Monday, March 1, 2010

Two events from SpiritStore at ev+a 2010


Marking the opening of ev+a 2010 - SpiritStore's, 'Packet and Tripe'
&
SpiritStore's, 'Catherine Street Culture Dig (CAT DIG)'


This year as part of SpiritStore's participation in ev+a 2010, the SpiritStore working art group are offering the Catherine Street Culture Dig (CAT DIG). Residents and traders of the street are participating with SpiritStore as hosts and instigators of a series of cultural events. To realise this weekly meetings are being held in various street venues to broker links between creative practitioners and the spaces and places offered by Catherine Street.The result will be a weekend of events - CAT DIG. The programme will include elements of experimental music, dance, theatre, workshops, performance, archeology, film projections, writing, puppetry, drawing clubs, twitter treasure hunts, digital installations, sound curiosities on the street all weekend, as well as many other events to be announced.The CAT DIG weekend will begin on Friday May 7th at 5.30 and finish at 5.30 on Sunday May 9th. Ongoing details of the project can be found on the SpiritStore Facebook and BLOG, as well as on a noticeboard outside Frenches Cafe. (www.spiritstorelimerick.blogspot.com)

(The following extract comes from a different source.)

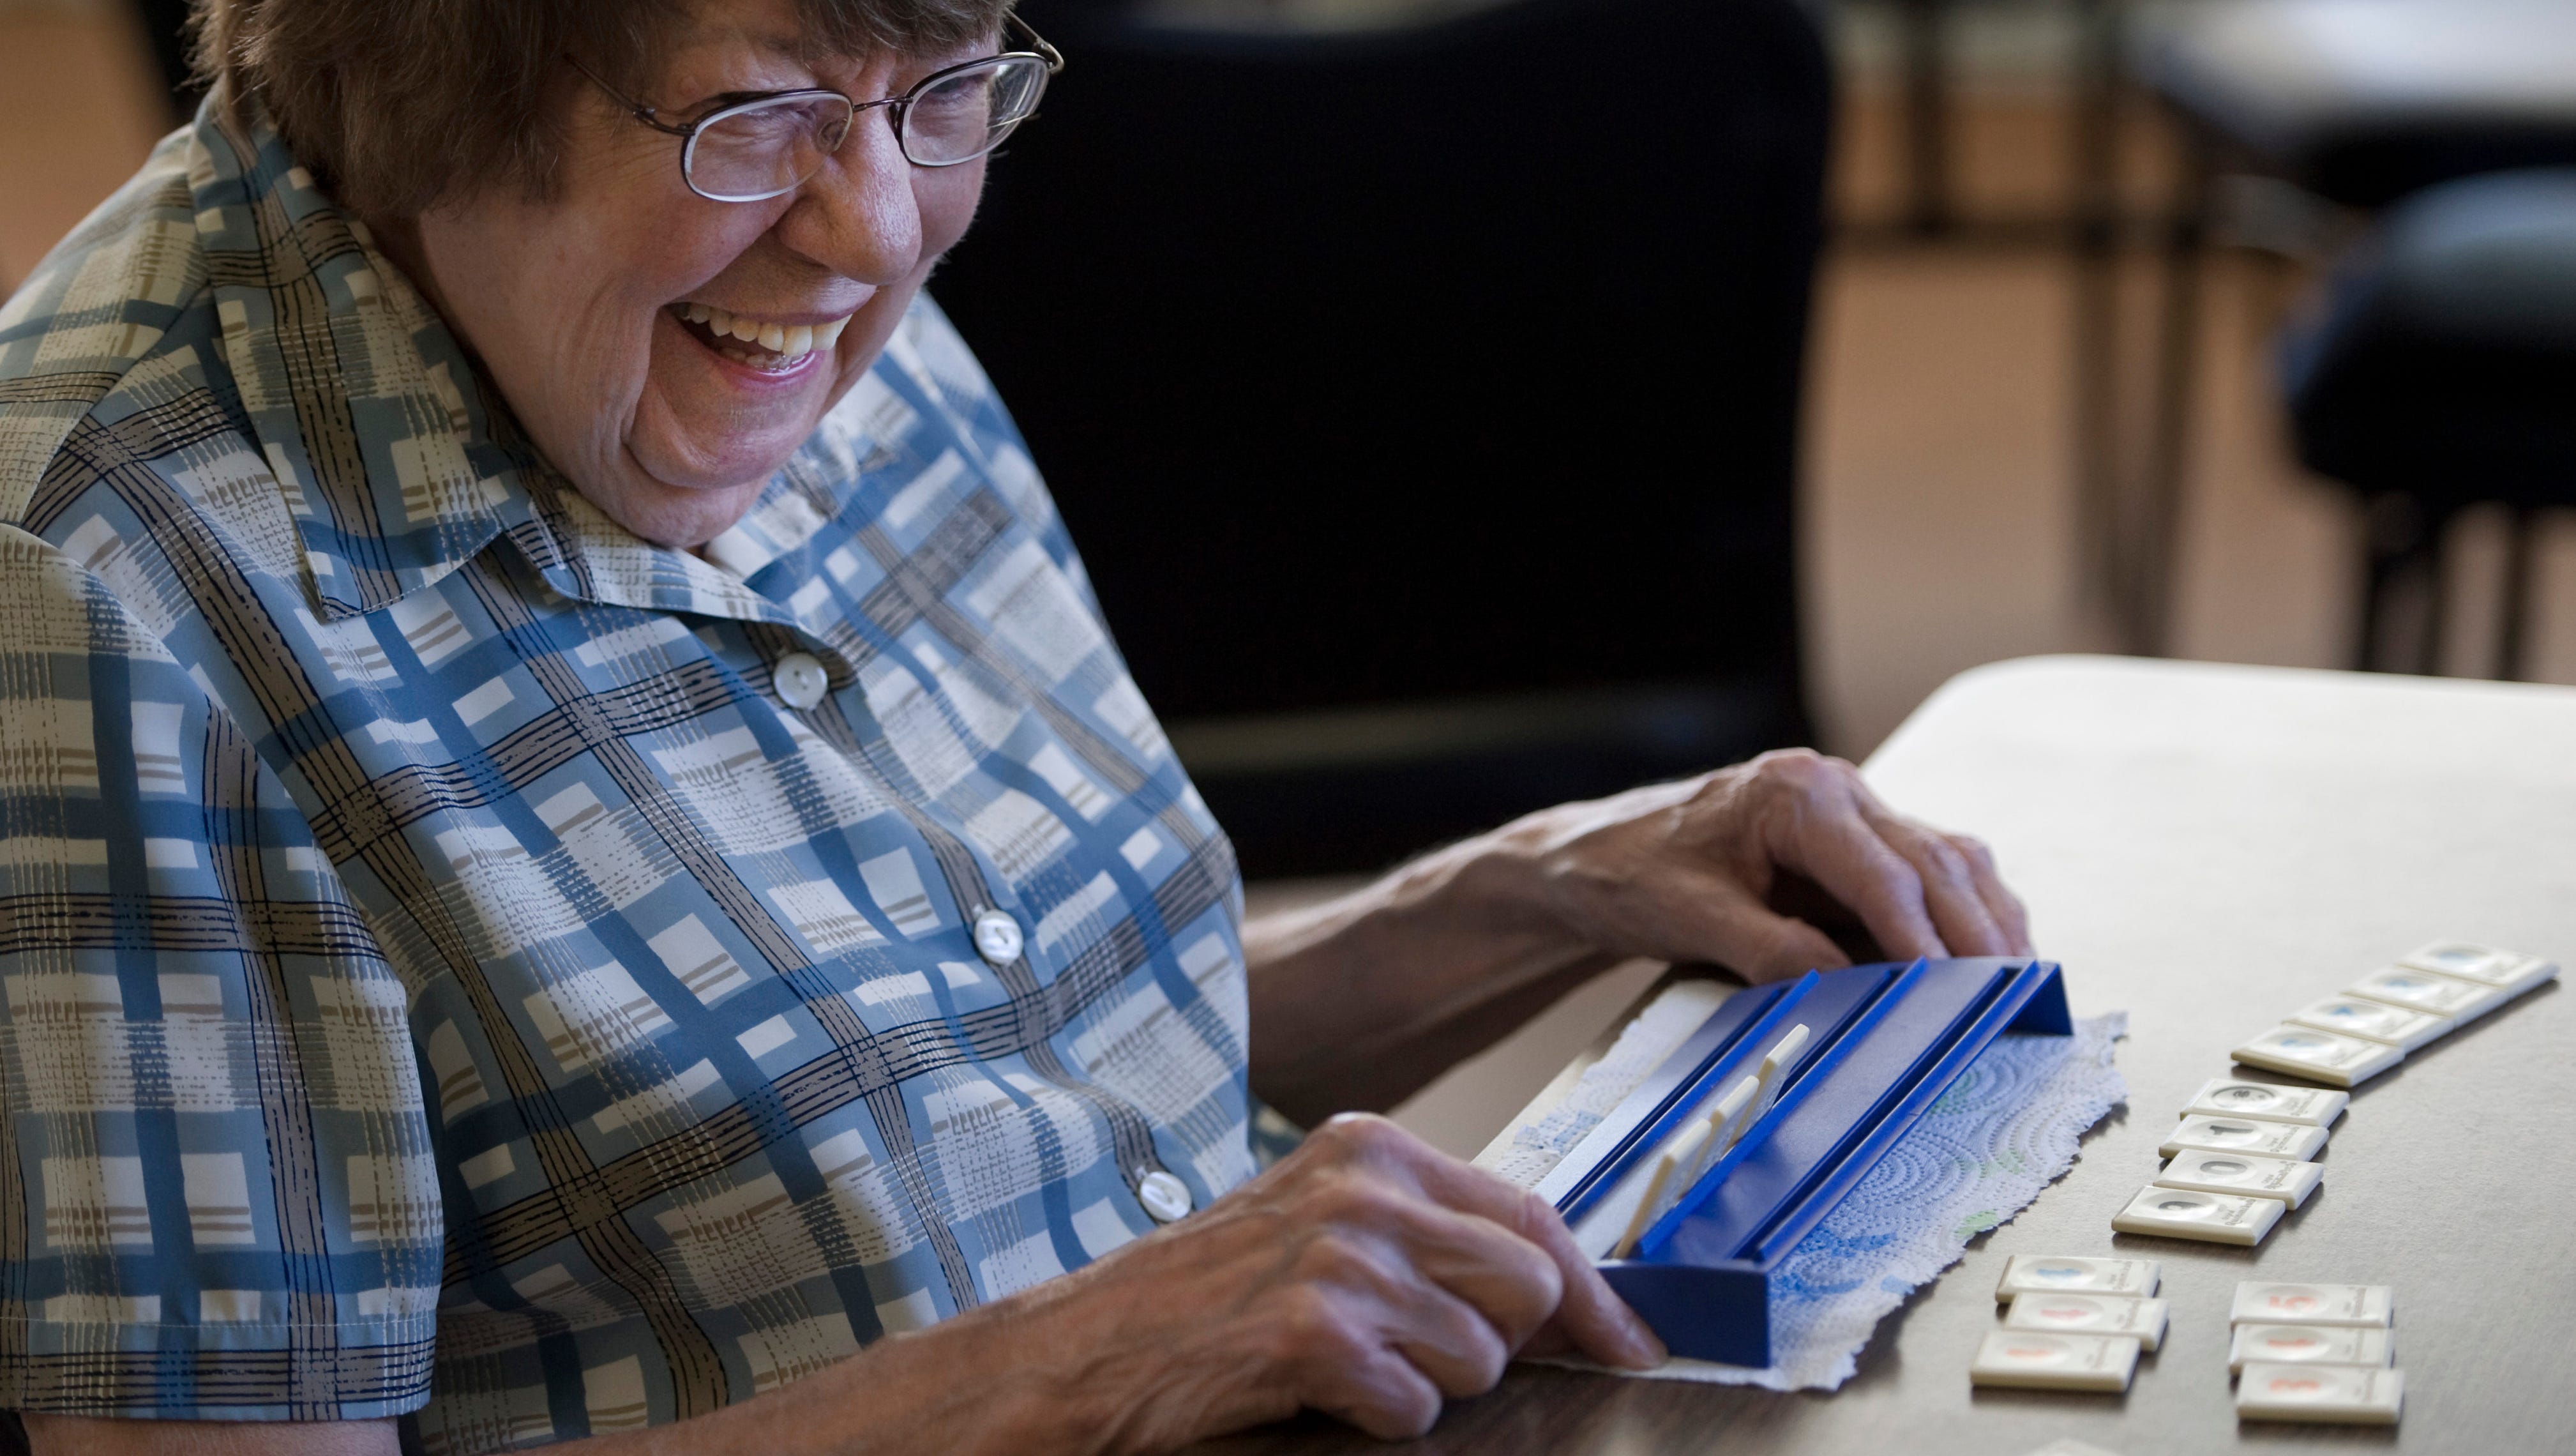 Highways & Byways: Glory at stake in senior citizens' game of Rummikub

To introduce SpiritStores’ ‘Catherine Street Cultural Dig’ and to mark the opening of ev+a 2010, we will be serving the traditional Limerick dish, ‘Packet and Tripe’.
We will serve the dish at the corner of Thomas St and Catherine Street, on Saturday March 13th at 6pm.It will be served free and accompanied by excerpts read from Mike Finn’s limerick play, ‘Pigtown’. At the same time a film of tales and times associated with the dish from a generation of Limerick women who continue to prepare and serve the meal for themselves and their families, will be screened in the space during the event.
The inspiration to present this unique Limerick recipe in this manner was in reference to the continuous presence in the city centre of family butchers, the social history of Limerick as a 'Pigtown' and of course the ever present meat processing tales of Catherine Street.